7. The ostomy bag of claim 6, wherein: One end of the annular tube (2) is formed with a limiting ring (10), and the fixing ring (6) is fitted to the limiting ring (10); the main body (18) is screwed to the annular tube (2), and the sealing sheet (3) is squeezed inward by the second limiting inner flange (19), thereby squeezing and fixing the sealing sheet (3).

8. The pouch of claim 5, wherein: The tensioning sleeve (14) has a number of openings (22) that are open at one end and closed at the other end, and the opening directions of two adjacent openings (22) are opposite.

9. The enema bag according to claim 8, characterized in that: The tensioning sleeve (14) is installed in the tapered guide hole (131). The tightening nut (16) rotates inward and pushes the tensioning sleeve (14) toward the narrow end of the tapered guide hole (131). The opening (22) is deformed and shrinks inward due to the constraint of the inner wall of the tapered guide hole (131), thereby reducing the diameter of the tightening hole (15) and achieving effective clamping and fixing of the flushing pipe.

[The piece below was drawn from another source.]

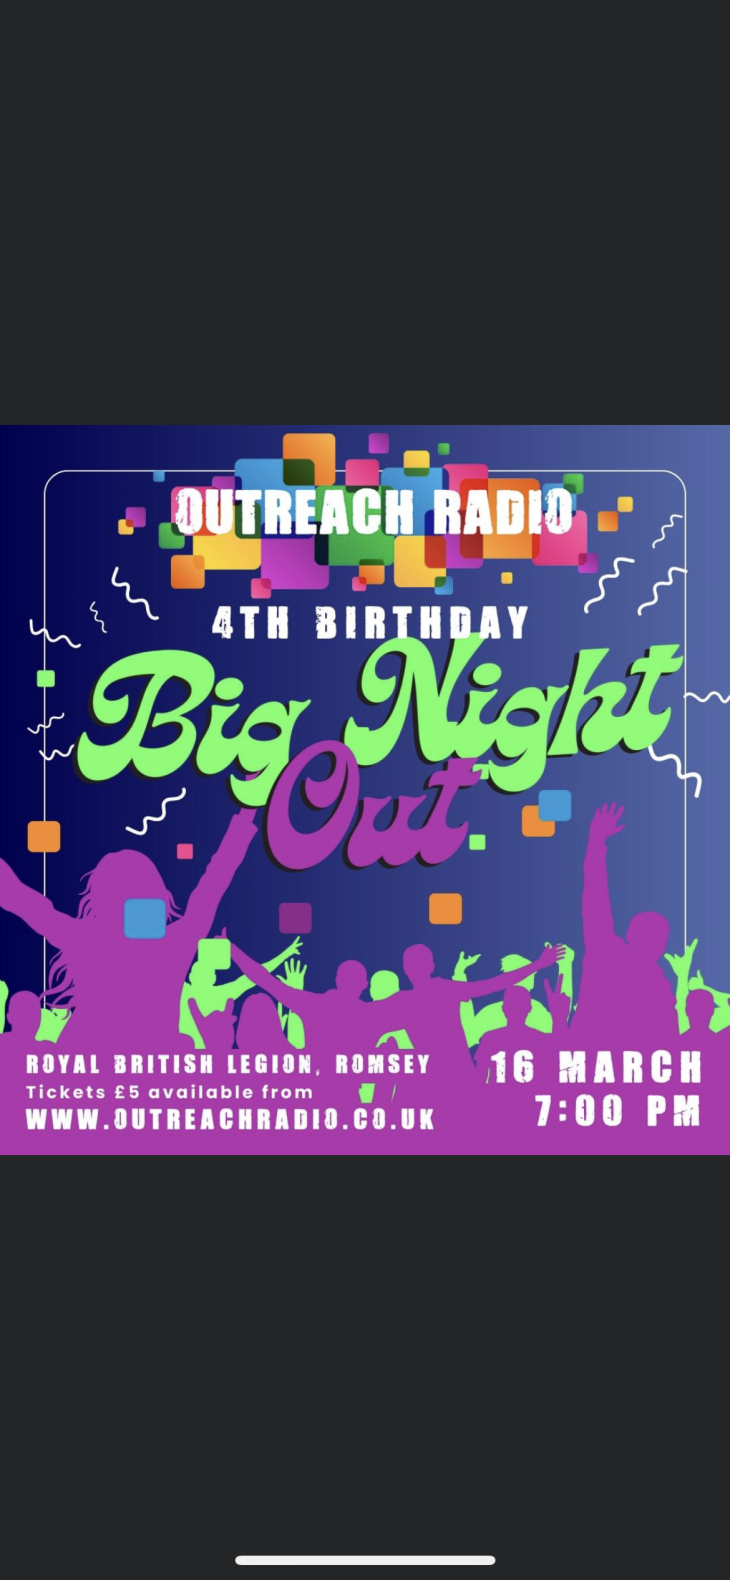 Outreach Radio Big Party Night

10. The pouch of claim 5, wherein: It also includes a pressure pad (23), made of silicone, which is installed inside the ostomy bag body (1) and is suitable for pressing the ostomy opening; The pressing pad (23) is provided with an annular gasket (24) in the middle, and the annular gasket (24) has a central through hole (25); the other end of the annular tube (2) is provided with a limiting ring (26), and the annular gasket (24) is installed between the limiting ring (26) and the inner wall of the ostomy bag body (1), and the pressing pad (23) is limited and fixed in the ostomy bag body (1) by the limiting ring (26).